聖母マリアのシンボルカラーである青は、すなわち純潔をあらわすようになり、なにかひとつ青いもの(Something Blue)をつけていれば幸せになれる、とまで言われるようになりました。

このサムシング・ブルーは目立たない場所につけるのが良いとされており、白いガーターに青いリボン飾りをつけたものを用意するのが一般的であるとされました。また、「二人の誠実な誓い」という意味としても使われるようになり、結婚式の花嫁が身に着けるものとされるようになりました。

この風習は現在まで受け継がれています。結婚式の当日に「なにか新しいもの」「なにか借りたもの」「なにか古いもの」のほかに、「なにか青いもの」を加えた4つを取り入れることで、永遠の幸せが続く、といわれるようになったのがそれです。

結婚式における欧米の長年の慣習が日本にも輸入されたもので、最近ブライダル業者がさかんにこれを喧伝しています。

由来はよくわかっていませんが、元はマザーグースの次の詩ではなかったか、といわれているようです。

「なにかひとつ古いもの~なにかひとつ新しいもの~なにかひとつ借りたもの、なにかひとつ青いもの~、そして靴の中には6ペンス銀貨を」

マザー・グース (Mother Goose) は、英米を中心に親しまれている英語の伝承童謡で600から1000以上の種類があり、17世紀の大英帝国の植民地化政策によって世界中に広まったものです。日本でも大正時代に北原白秋が紹介してことで、広まりました。

こうしたこともあり、最近は結婚式では、青いものを用意する、というのが流行っているようです。そのひとつとして、「幸福の青いチョコレート」を配ることも多くなり、とくに“ケルノン ダルドワーズ”は大人気で、「福のチョコレート」の販売は毎年、No.1の人気を誇っています。

フランス西部・ロワール地方の小さな街、アンジェの老舗ショコラトリー“ラ・プティ・マルキーズ”が生んだ名物チョコで、国際菓子展で最高のブルーリボン賞を獲得というお墨付きをとっています。

このほか、岩手県一関市の世嬉の一酒蔵が販売している“サムシングブルー”も最近有名になりつつあり、こちらは青い色のビールです。
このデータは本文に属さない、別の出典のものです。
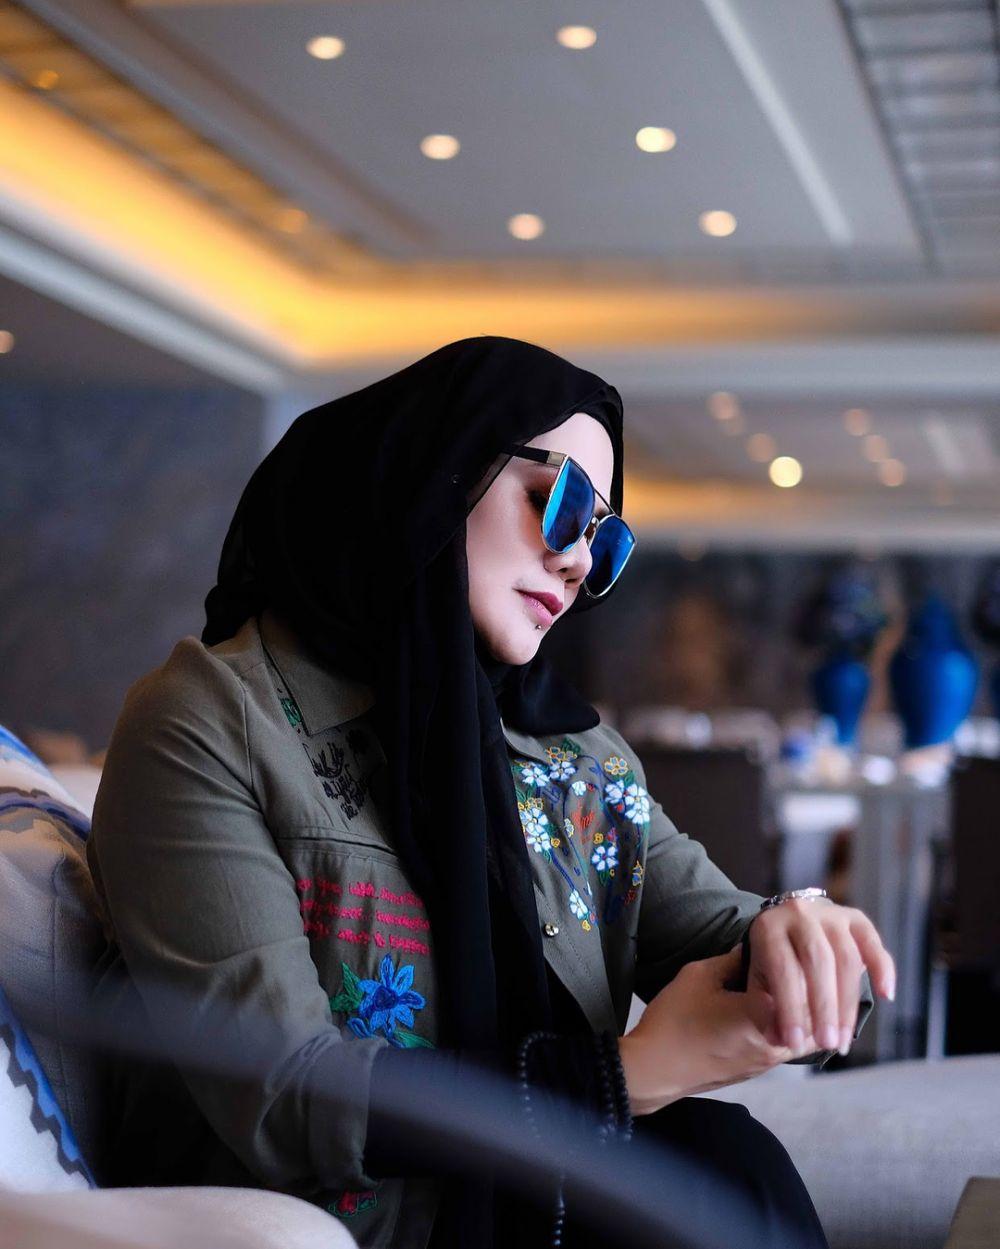 sarita abdul mukti © 2018 instagram
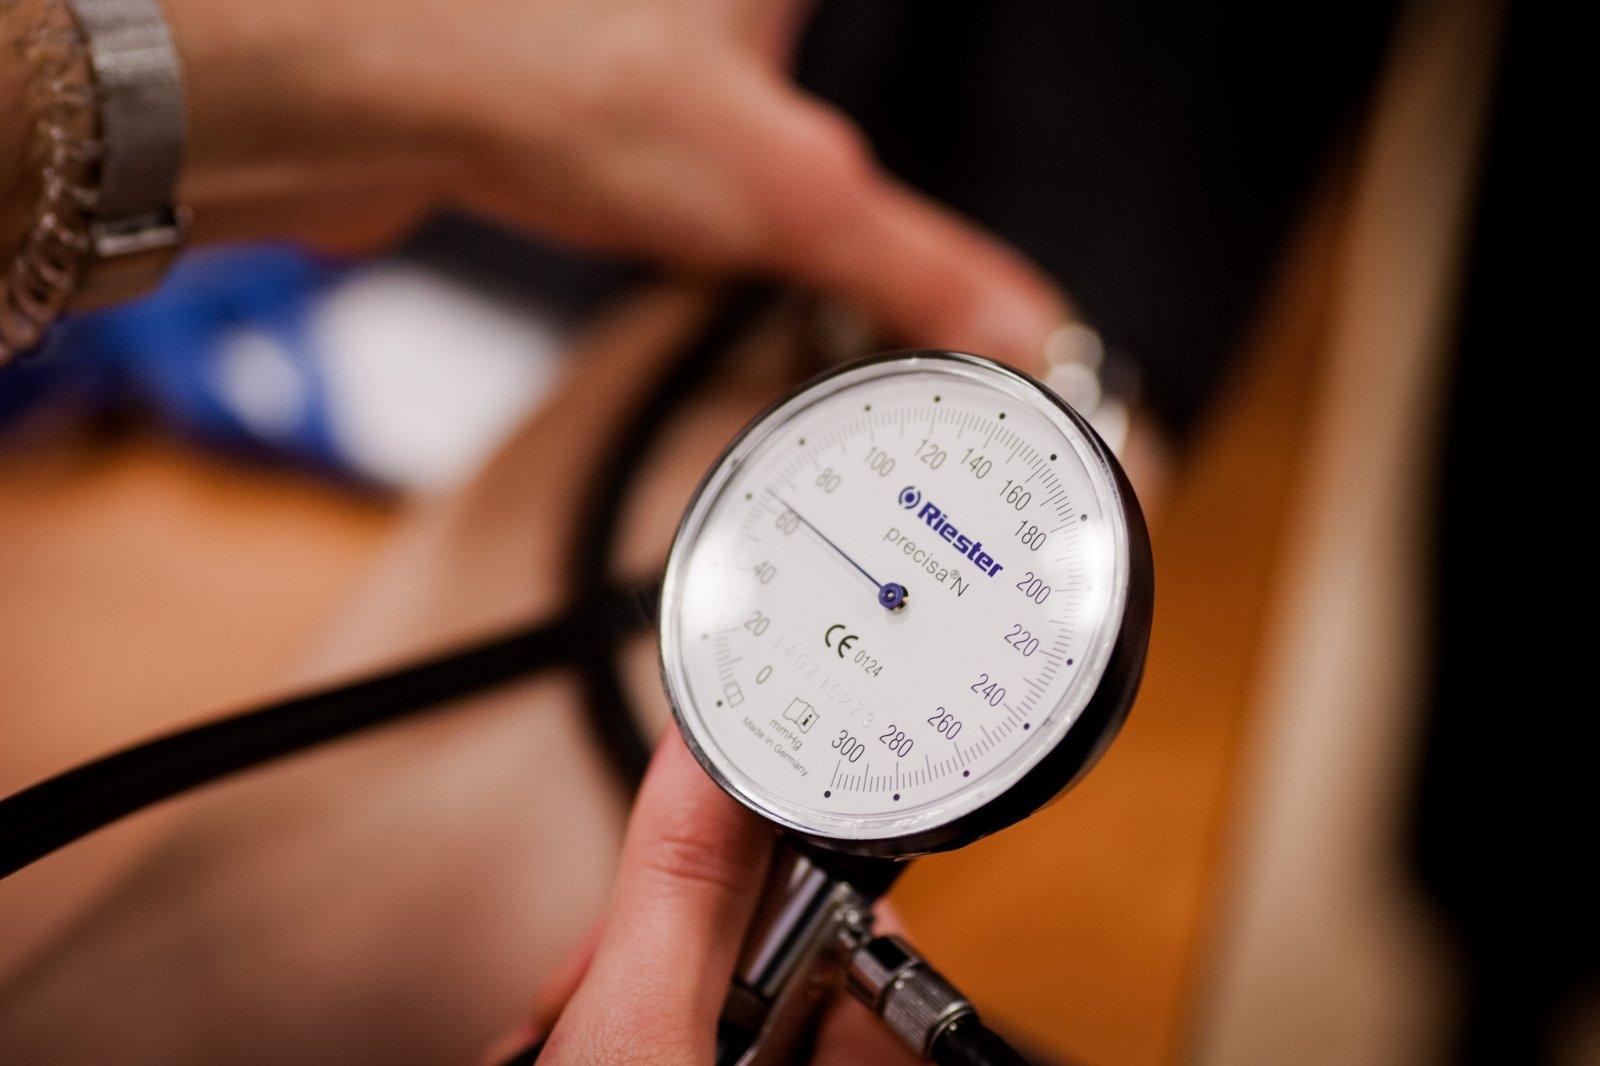 hipertenzija ligos eigą 3 hipertenzijos rizikos laipsnis 1

藻の色素を原料に用いたそうで、味もフルーティーで女性にも飲みやすく、2016年には、「おとりよせ大賞」に輝いたとか。

このほか、最近は遺伝子組み換えによって「青いイチゴ」というのもあるそうです。寒さに強いイチゴを作ろうとしたら、偶然にできてしまったといい、こちらは氷点下の過酷な気候を耐え抜くことが出来るため、冷凍庫に入れてもペーストっぽくならないようです。

これからの寒い季節に結婚式を迎えるあなた。青いビールで乾杯し、青いイチゴの載ったウェディングケーキでファーストバイト、引き出物には青いチョコを…というのはいかがでしょうか。

とまれ、青いビールを飲みすぎて青ざめないよう、くれぐれもご注意を。